Security Pills - Issue 50

Release Date: 18th December 2023 | Issue: 50 | Subscribe

The Security Pills newsletter is a hand curated zine (delivered once per week) that highlights security related-news. 10+ hours of reading and analysis condensed into a 5-minute summary every Monday morning.

Sponsor
Would you like to become a sponsor for our newsletter? Our mission is to highlight security-related news with a focus on quality content, while we help people staying up to date with this corner of the industry.If you are interested, reach out to hello@securitypills.news with your ad idea to get started!

 ⚠️ Read this issue as a webpage to avoid the clipped email version

Hey there 👋,

Hope your weekend was great! I went snowshoeing this weekend — what a fantastic experience!

This will be the last issue for the year, but no worries, we'll be back on January 8th with some new features and improvements. I'm so excited to share with you what I've been building over the past few months.

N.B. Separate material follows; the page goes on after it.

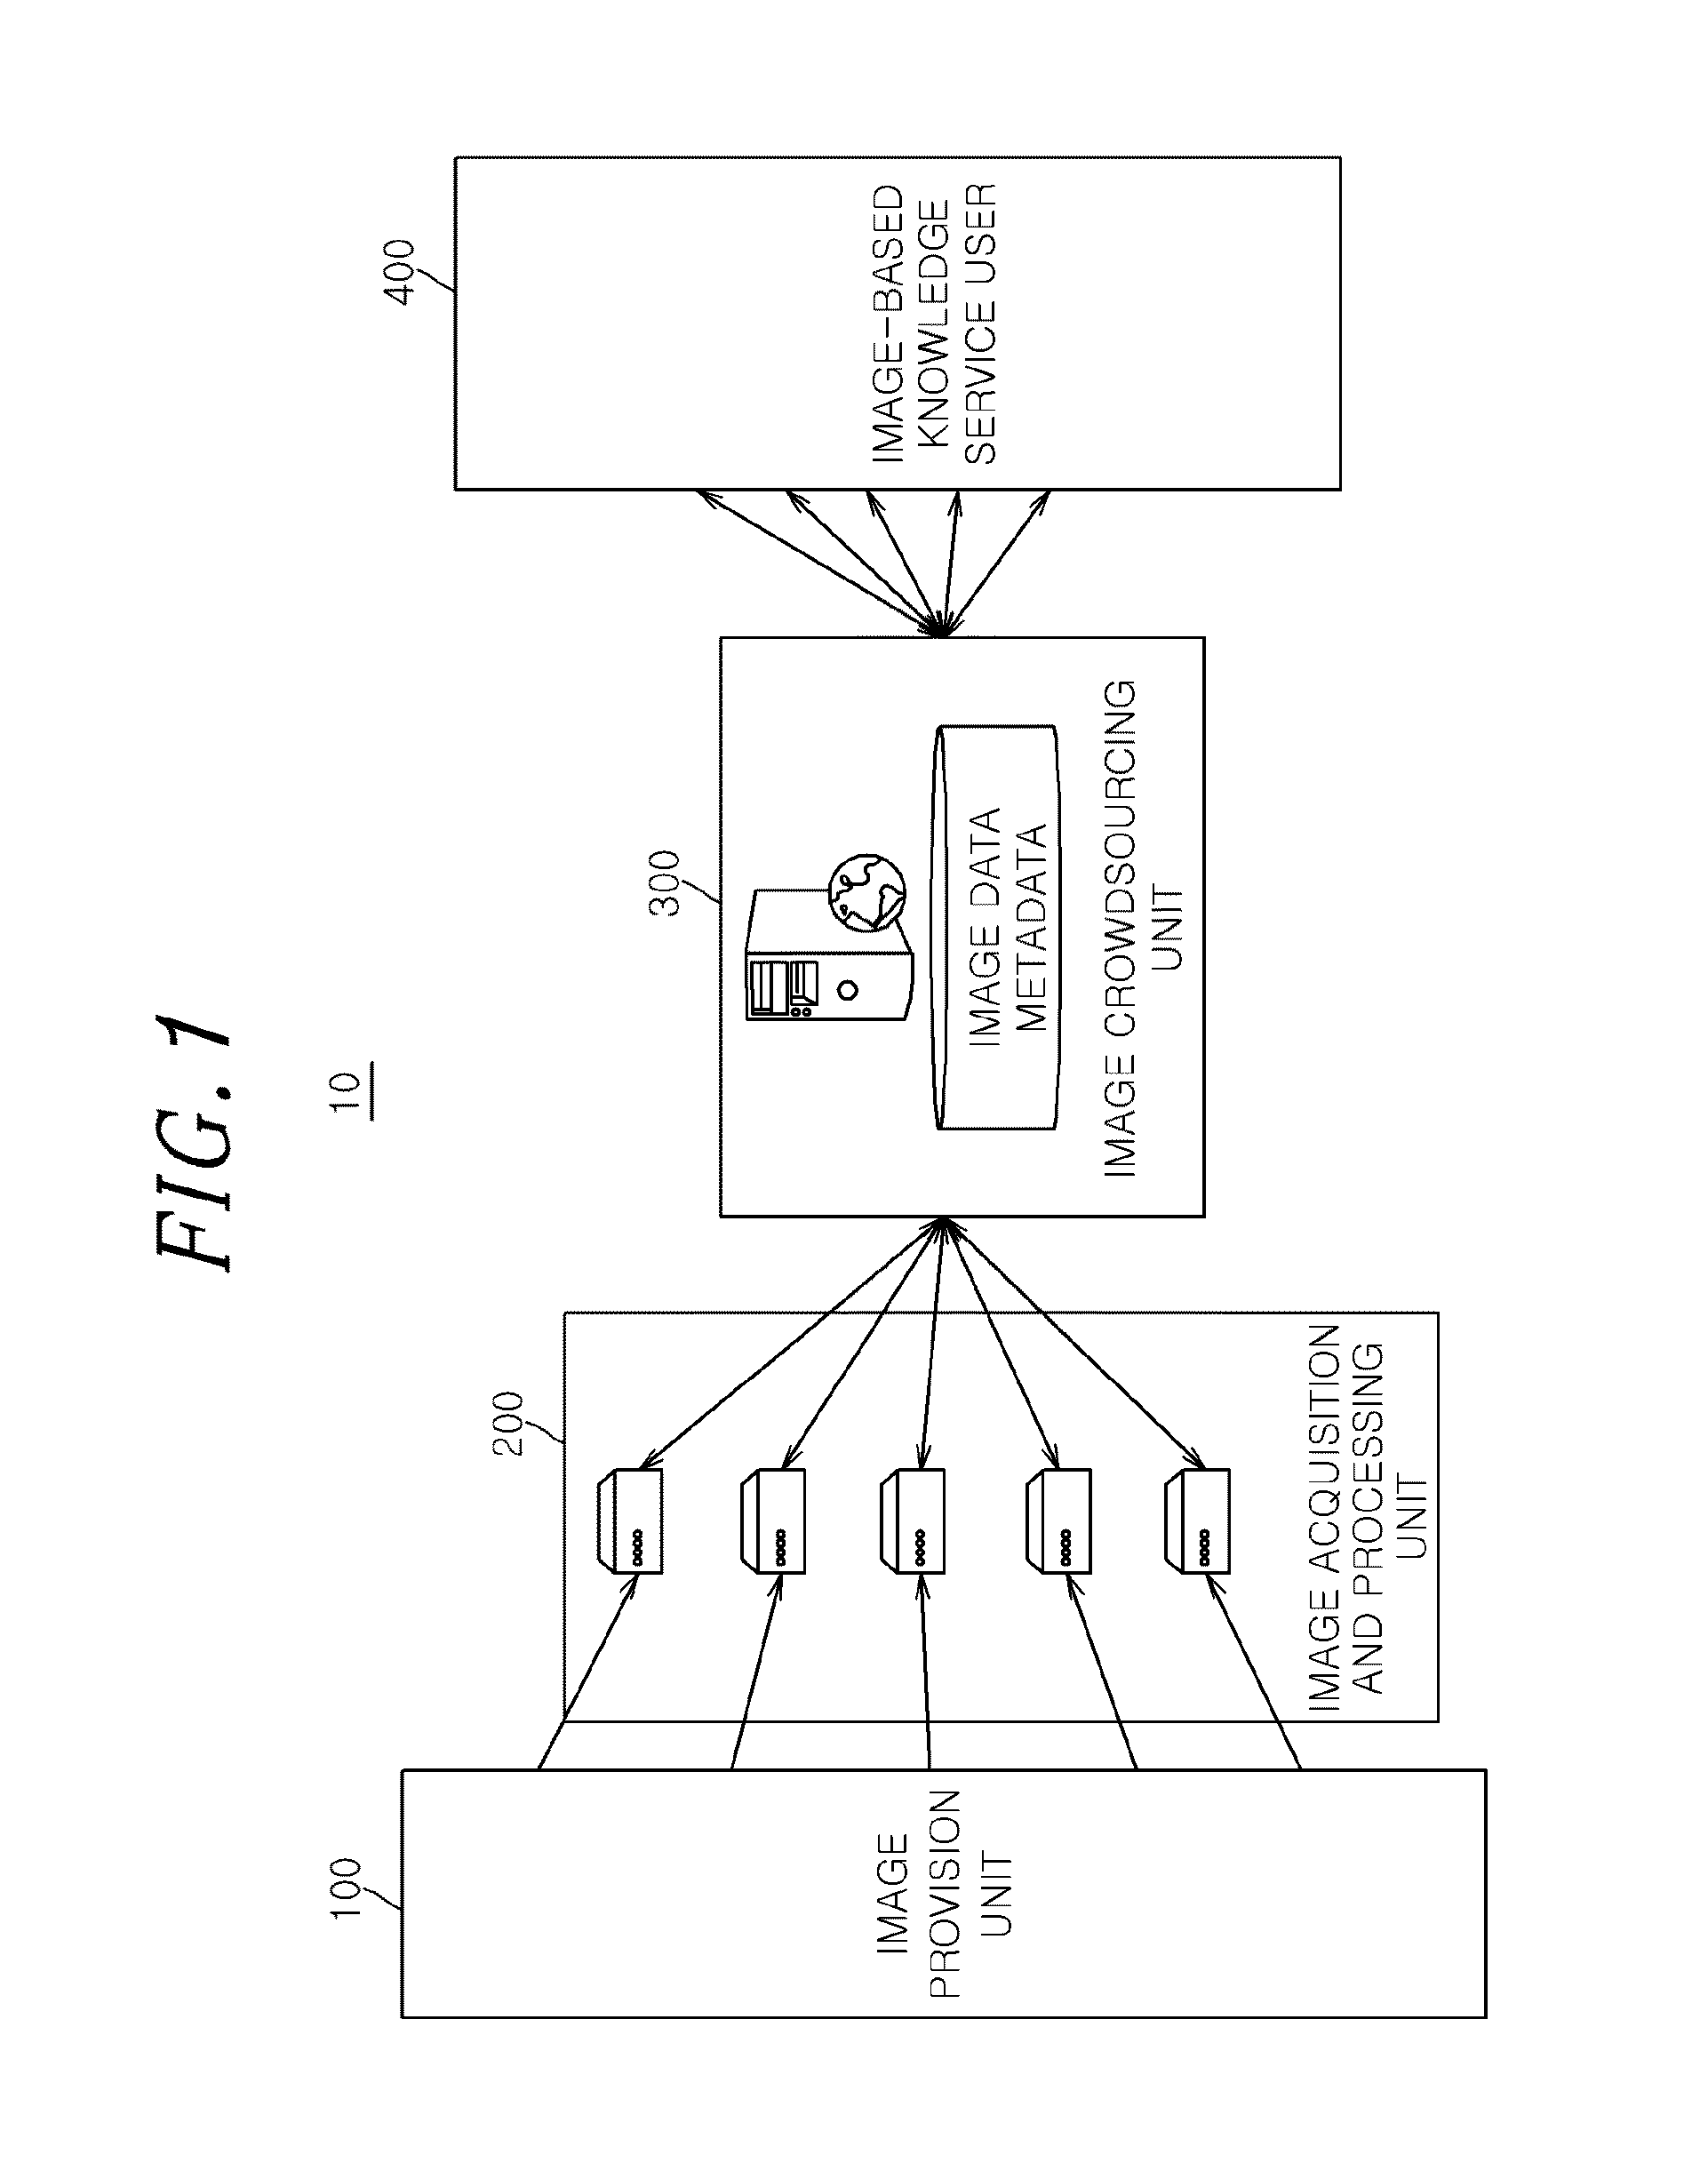 Method and system for generating image knowledge contents based on crowdsourcing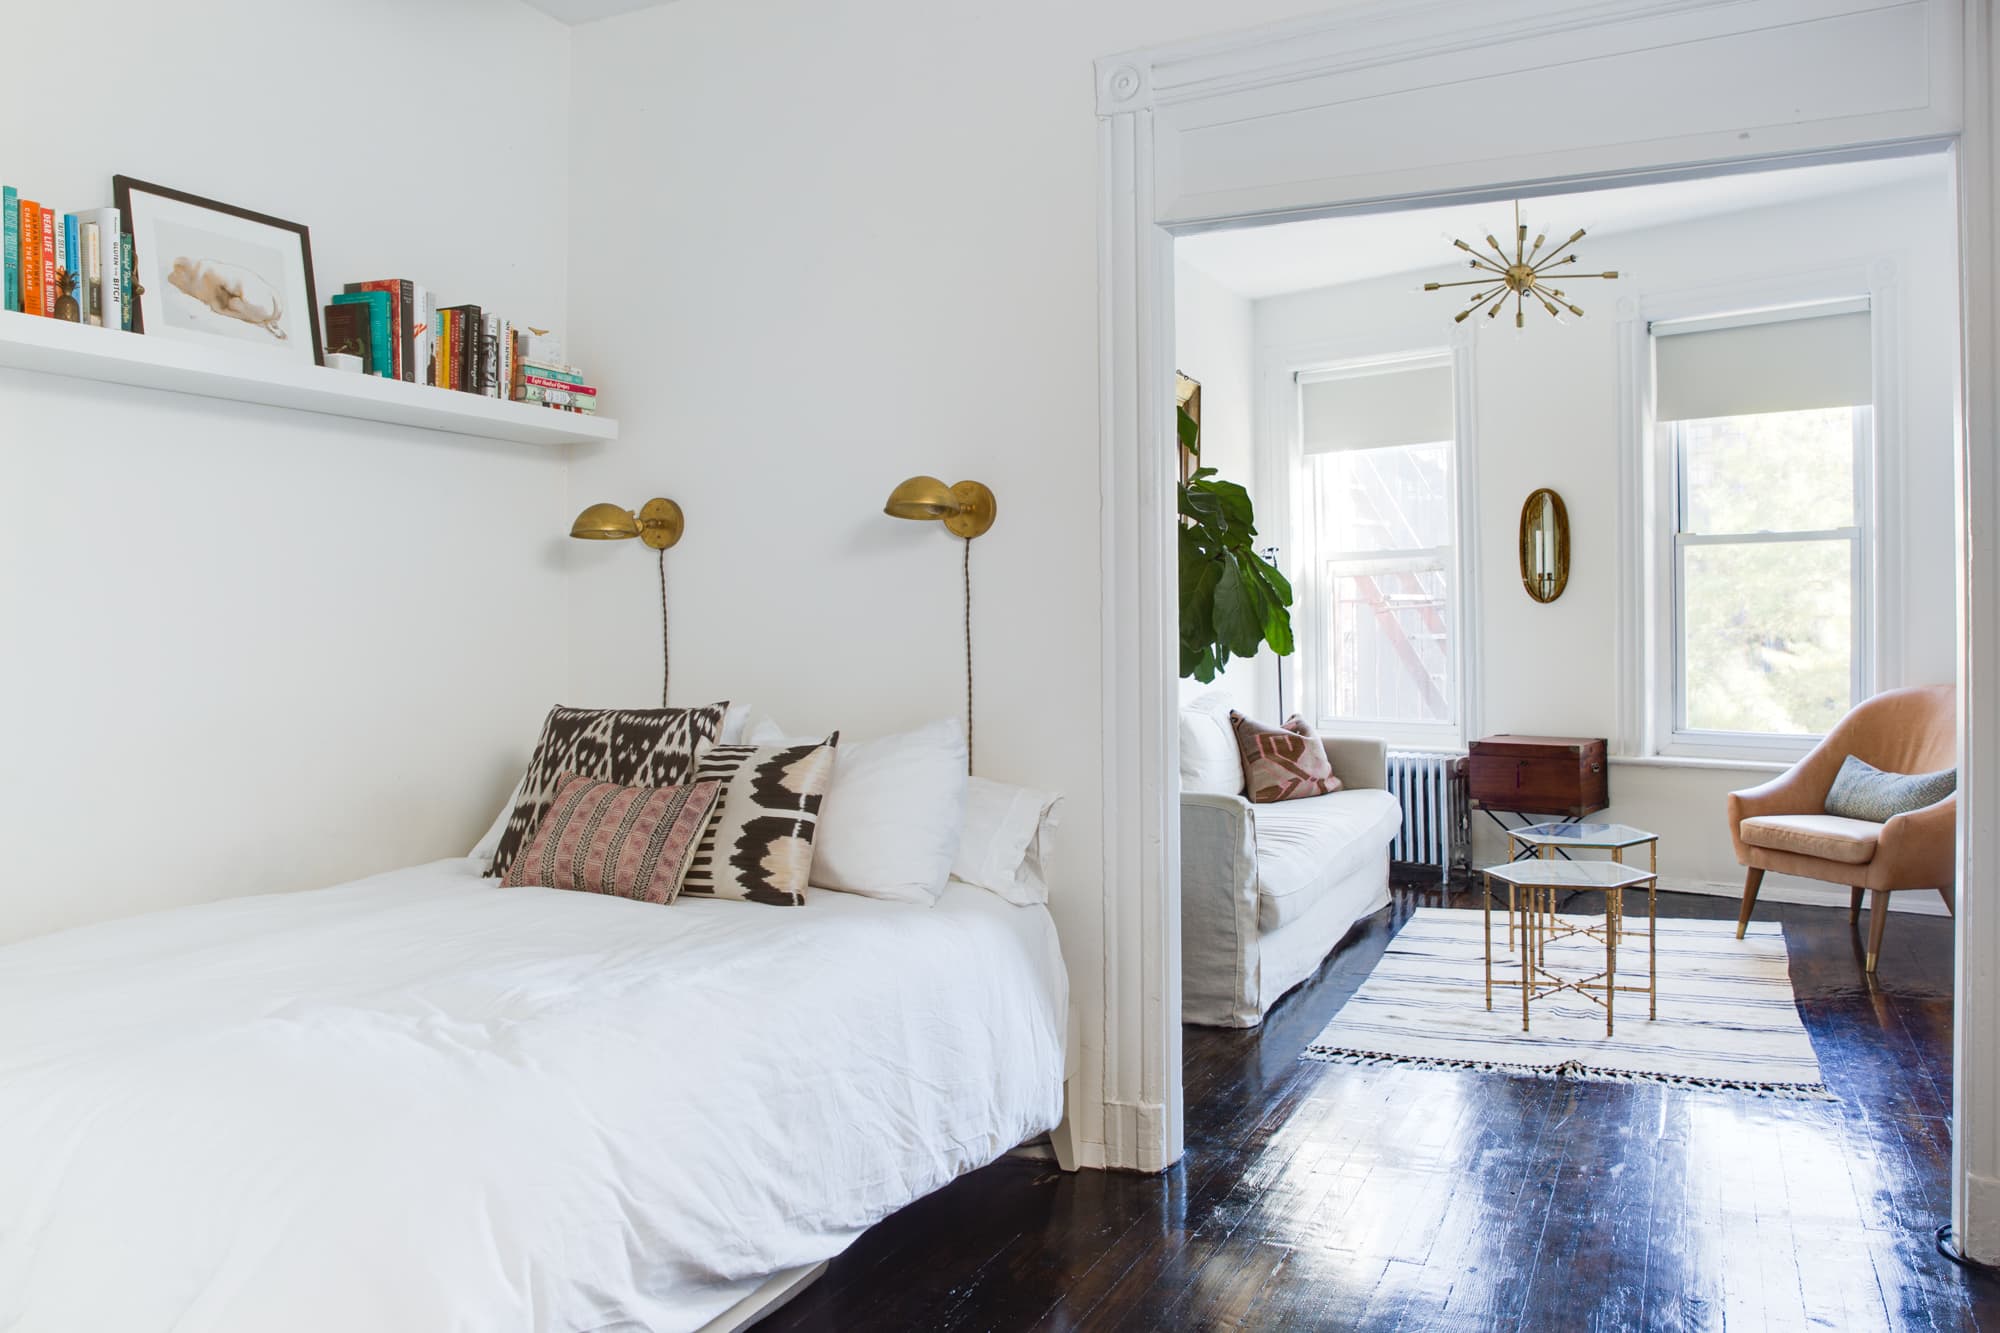 18 Simple Storage Tips for Small Apartments

As always, sit comfortably and enjoy today’s newsletter with a cup of coffee ☕️ . I recommend browsing our website to see the entire edition, since it's possible that your email provider might have trimmed some of the content.

• 🛠️ Application Security — Tricks for Reliable Split-Second DNS Rebinding in Chrome and Safari | Finding that one weird endpoint with Bambdas | TInjA.

• 🛡️Blue Team — Understanding Crucial Windows Processes | Navigating the Maze of Incident Response | A Comprehensive Analysis of Outlook Attack Vectors.

• ☁️ Cloud Security — AWS Organizations Defaults & Pivoting | Detect Runtime Security Threats in Amazon ECS and AWS Fargate | AWS Summarize Account Activity.

• 🐳 Container Security — The Elastic Container Project for Security Research | terraform-null-lable: The why and how it should be used.

• 🤖 Machine Learning — 2024 AI Predictions and Considerations | Synthetic Recollections | damn-vulnerable-llm-agent.

• ⚔️ Red Team — Process Injection Using Windows Thread Pools | Decompiler Explorer | avred.

• 📦️ Supply Chain — Recommended Practices for Managing OSS and SBOM | +1500 HuggingFace API Tokens were exposed.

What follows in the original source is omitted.